What are the most popular Instacart grocery products ordered early in the day? What are the most popular Instacart grocery products ordered late in the day? Early in the day, customers bought healthy items such as granola bars, while later in the day customers bought less healthy items such as ice cream!
Instacart released a public dataset, “The Instacart Online Grocery Shopping Dataset 2017”, containing anonymized data with a sample of over 3 million grocery orders from more than 200,000 Instacart users.
The data set can be accessed as follows: “The Instacart Online Grocery Shopping Dataset 2017”, Accessed from https://www.instacart.com/datasets/grocery-shopping-2017 on 7/26/2019. Questions: open_data@instacart.com.
One challenge was to graph the most popular products by hour of day ordered to find the top user purchases early in the day and late in the day.
Here is the completed chart:
Steps to Create the Graph
Here is the high level view for creating the graph.
Step 1 - Load the Data
The data can be downloaded as a .zip file containing 12 .csv files using the following commands in Colab notebook. The files are downloaded to the local notebook directory.
!wget https://s3.amazonaws.com/instacart-datasets/instacart_online_grocery_shopping_2017_05_01.tar.gz
!tar --gunzip --extract --verbose --file=instacart_online_grocery_shopping_2017_05_01.tar.gz
%cd instacart_2017_05_01
!ls -lh *.csv
-rw-r--r-- 1 502 staff 2.6K May 2 2017 aisles.csv
-rw-r--r-- 1 502 staff 270 May 2 2017 departments.csv
-rw-r--r-- 1 502 staff 551M May 2 2017 order_products__prior.csv
-rw-r--r-- 1 502 staff 24M May 2 2017 order_products__train.csv
-rw-r--r-- 1 502 staff 104M May 2 2017 orders.csv
-rw-r--r-- 1 502 staff 2.1M May 2 2017 products.csv
-rw-r--r-- 1 502 staff 2.6K May 2 2017 aisles.csv
-rw-r--r-- 1 502 staff 270 May 2 2017 departments.csv
-rw-r--r-- 1 502 staff 551M May 2 2017 order_products__prior.csv
-rw-r--r-- 1 502 staff 24M May 2 2017 order_products__train.csv
-rw-r--r-- 1 502 staff 104M May 2 2017 orders.csv
-rw-r--r-- 1 502 staff 2.1M May 2 2017 products.csv
Step 2 - Merge the Data
Begin by merging the order_products_prior with order_products_train to create on order_products dataframe, then merge it with product and orders to gain the full base data.
Step 3 - Create a Top Products Dataframe
Create a new dataframe top_products with all products with orders greater than 2,900 and merge it with product to get a full subset of top products.
Step 4 - Create a Dataframe with Products Grouped by Hour of Day and Add Count and Percent Columns
Create a product_orders_by_hour dataframe grouped by product_id and order_hour_of_day.
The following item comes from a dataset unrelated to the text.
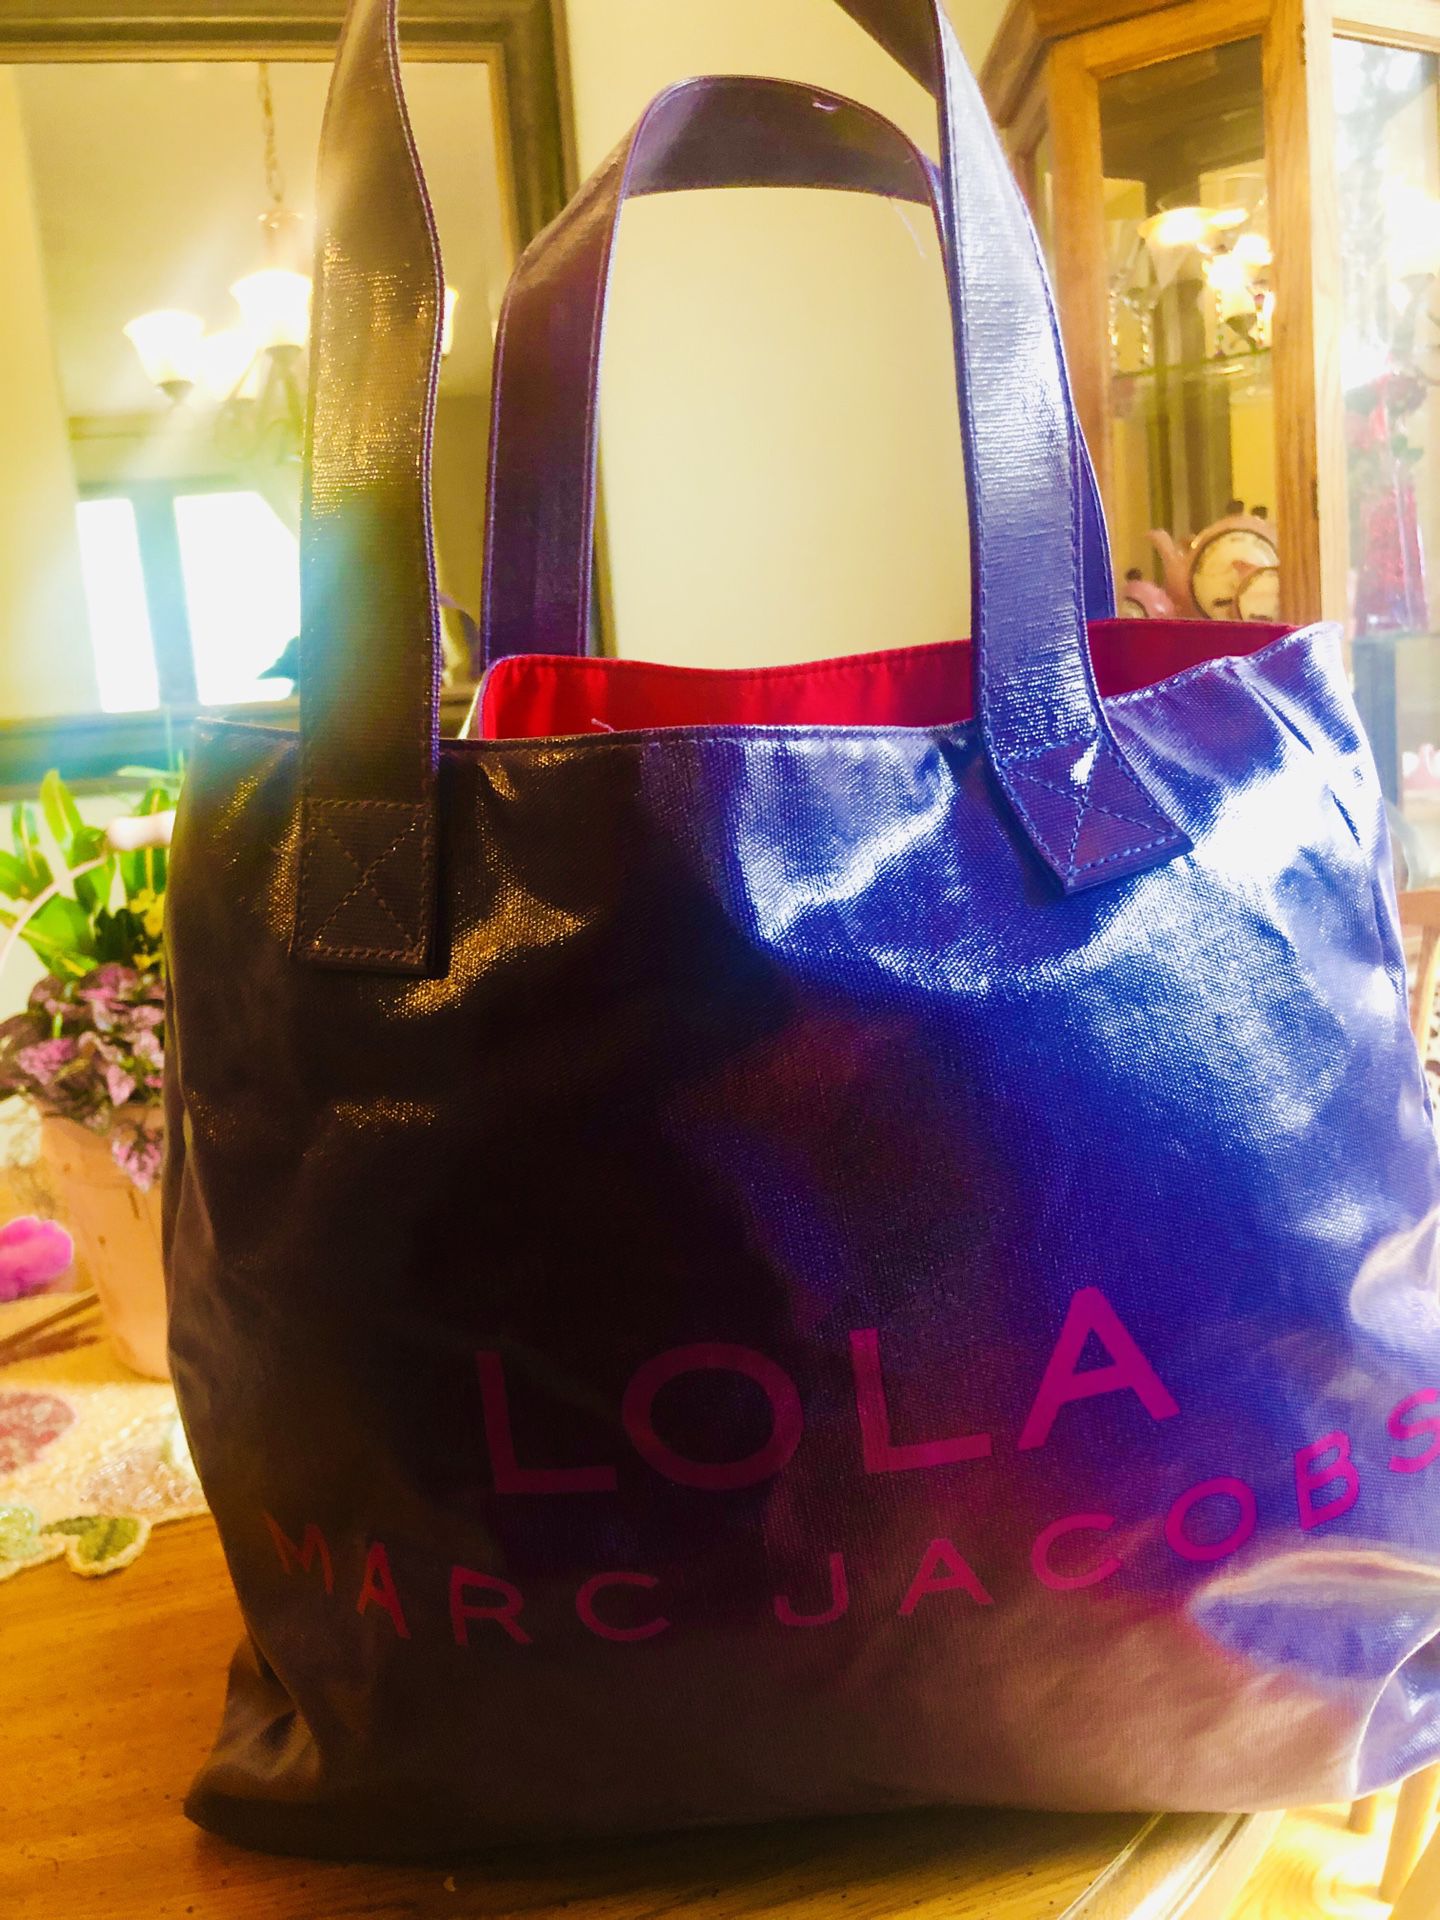 Marc Jacobs Lola purse/beach bag
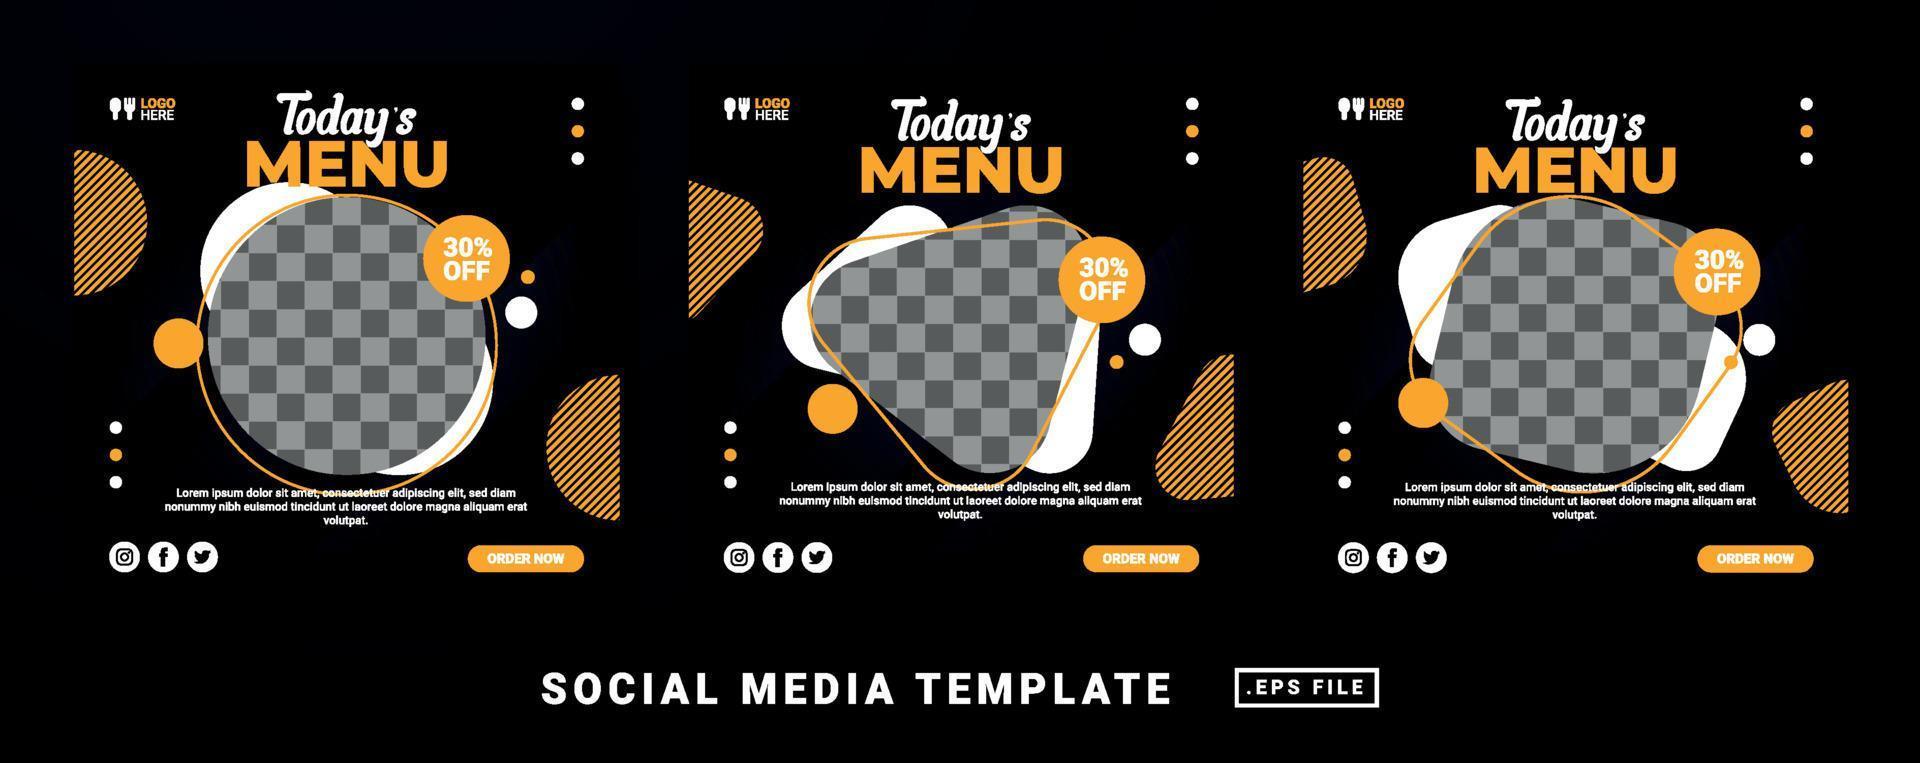 folleto o plantilla de menú de comida de restaurante temático de publicación en redes sociales vector

Add a sum column to count the number of orders each hour for each product and a percentage column to represent the percent of orders the sum equaled.
Step 5 - Create a Dataframe with the Mean Hour for Each Product
For each product in product_orders_by_hour, group by the average hour sum(order hour x # orders for hour)/total orders. This creates the mean_hour dataframe containing the product_id and mean_hour for all the products.
Step 6 - Sort the Mean Hour for Each Product to Create the Early and Late Lists
By sorting the mean_hour dataframe in ascending order and taking the top 25, you get the early_list dataframe containing the top 25 early products and by sorting in descending order and taking the top 25, you get the late_list dataframe containing the top 25 late products. Pull out the product names to create the early_product_names list and the late_product_names lists for the legends. Merge the early and late dataframes with product_orders_by_hour to get the early_pct and late_pct dataframes for plotting.
Step 7 - Plot the Results
Use early_pct and late_pct dataframes to plot the Order Hour of the Day against the Percent of Orders by Product. Use the early_product_names and late_product_names for the two legends.